"J'ai peur qu'il passe à l'acte": le témoignage d'un enseignant menacé de mort par un parent d'élève

En octobre, un parent d'élève a menacé un enseignant d'un lycée du Grand-Quevilly, en Seine-Maritime, de lui "décrocher la tête". Le professeur souhaite depuis changer d'établissement.

Il ne veut plus retourner enseigner dans ce lycée. Le 20 octobre dernier, un enseignant de mathématiques du lycée Val-de-Seine, au Grand-Quevilly, en Seine-Maritime, a été menacé de mort par un parent d'élève.

Les faits se sont déroulés lors d'une rencontre parents-professeurs, raconte l'enseignant à BFMTV.

"Il m'a dit: 'Vous continuez comme ça avec ma fille et je vous décroche la tête'"

"Un monsieur est arrivé, costaud. Il se penche sur moi, il me dit 'c'est vous le professeur de mathématiques? Vous avez quelque chose contre ma fille?'", relate-t-il.

"Il commence à hausser la voix en disant que je traite sa fille comme une 'merde'", poursuit le professeur. Un de ses collègues se lève alors et demande à l'homme de se calmer.

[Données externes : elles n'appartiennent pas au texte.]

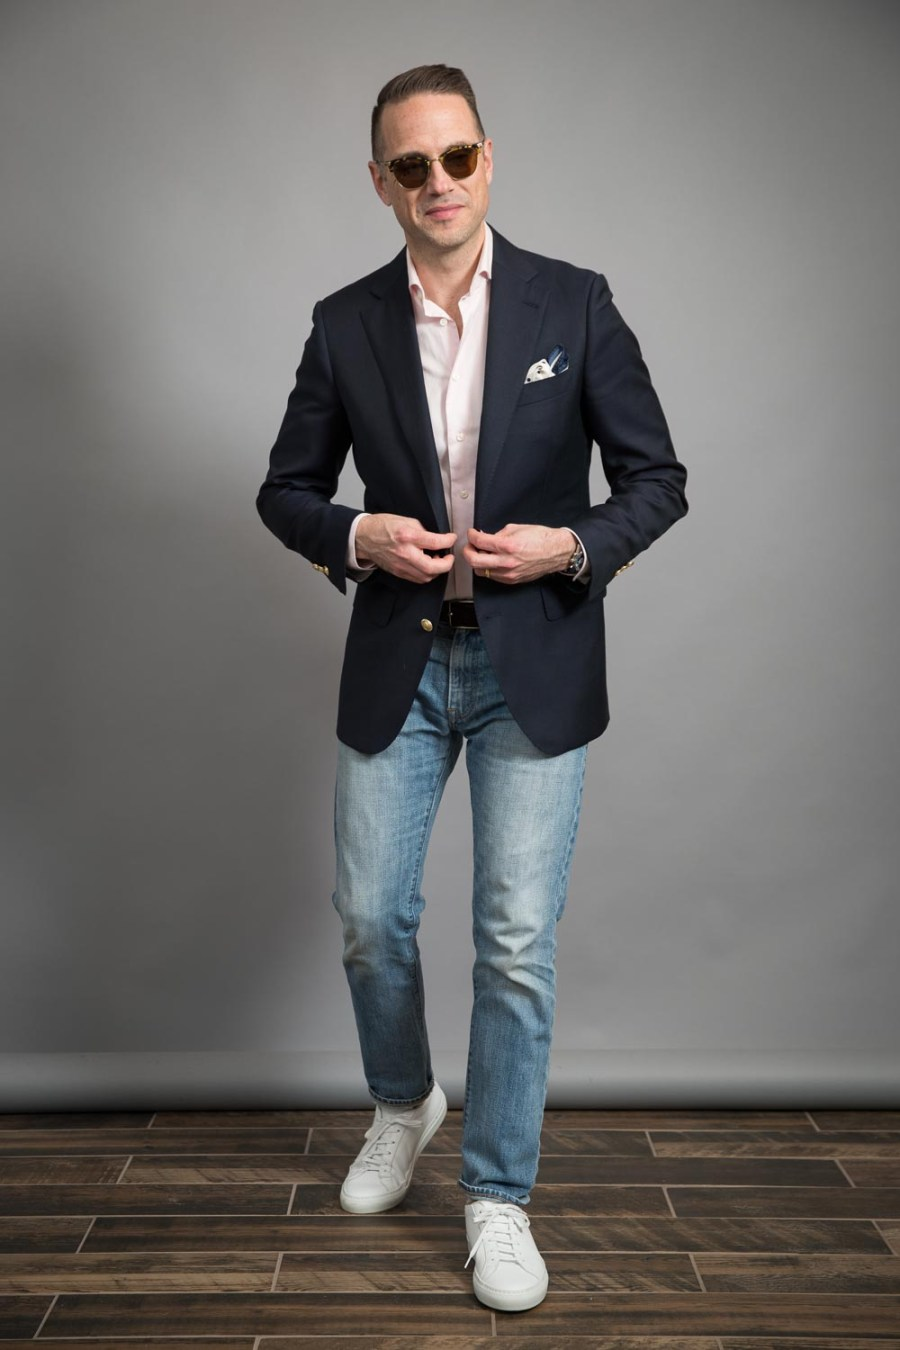 como-usar-um-blazer-marinho-casual-masculino-e-jeans-look-for-spring-pink-shirt-white-white
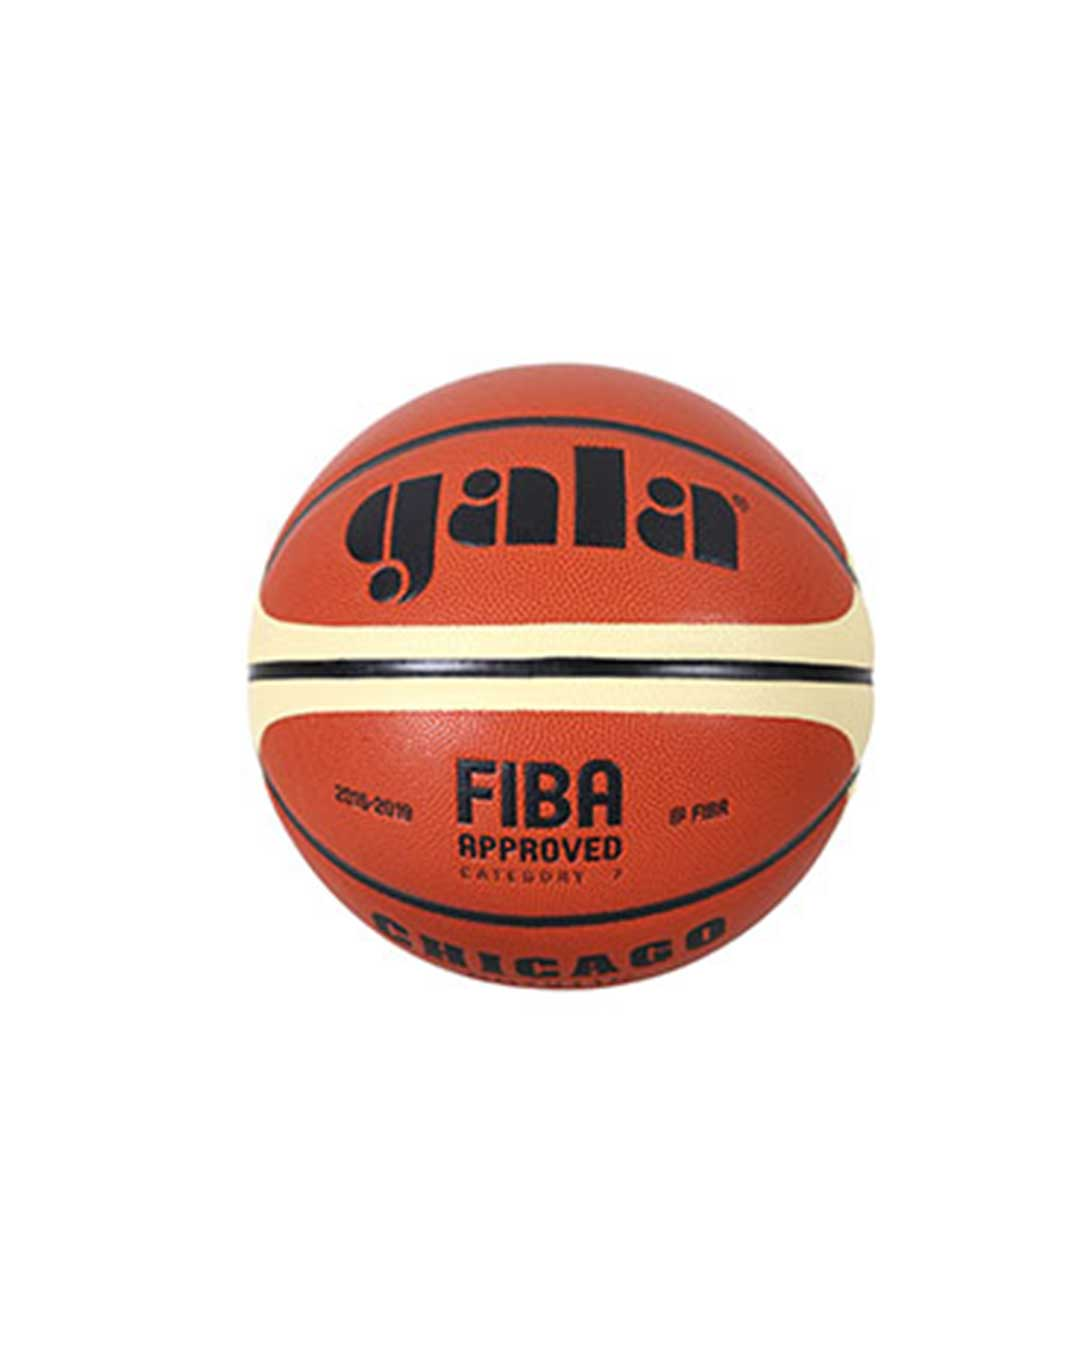 Balón básquetbol modelo Chicago N° 7 - Certificado FIBA

"Juste avant de partir, il m'a dit: 'Vous continuez comme ça avec ma fille et je vous décroche la tête'. Il a répété ça deux fois, en me pointant du doigt et en hurlant", raconte l'enseignant, qui a "peur qu'il passe à l'acte". Il a porté plainte contre le parent d'élève le lendemain.

"Je regarde autour de moi quand je fais mes courses"

Selon les informations de RMC, le père de la lycéenne reproche au professeur de mathématiques d’avoir placé sa fille au fond de la classe, où elle ne peut pas suivre les cours. Elle souffre de dyslexie, de dysphrasie et de dyscalculie. L’enseignant a expliqué aux policiers qu’il n’avait pas connaissance des troubles de l’adolescente et qu'il place ses élèves dans l’ordre alphabétique. Le parent d’élève avait prévenu le proviseur et depuis, a-t-il assuré aux enquêteurs, l’élève a rejoint les premiers rangs.

Le mis en cause a été interpellé et placé en garde à vue. Selon RMC, il sera jugé en mars 2023 pour menaces de mort devant le tribunal correctionnel de Rouen. En attendant, il a été placé sous contrôle judiciaire avec interdiction d’entrer en contact avec le plaignant.

Ce dernier reste toutefois effrayé et a demandé à changer d'établissement.

"Je commence à regarder autour de moi quand je fais mes courses par exemple. Je n'ai jamais eu de problème avec des parents, je trouve ça injuste", dit-il à BFMTV.

"Apaiser le climat scolaire"

Il a reçu le soutien de ses collègues, qui ont retardé de quelques heures la rentrée de lundi pour tenir une réunion de crise, selon France 3 et Paris Normandie. Claire-Marie Feret, co-secrétaire académique du syndicat Snes-FSU, a condamné ce mercredi sur BFM Normandie "toute agression verbale ou physique" à l'égard d'un enseignant.

"L'administration a du mal à protéger les collègues dans l'exercice de leurs fonctions et les conditions d'enseignement ont tendance à se dégrader", dénonce-t-elle.

"Il faut apaiser le climat scolaire, redonner aux collègues les moyens d'enseigner, aux élèves les moyens d'apprendre, en étant dans des groupes à effectifs réduits", préconise l'enseignante.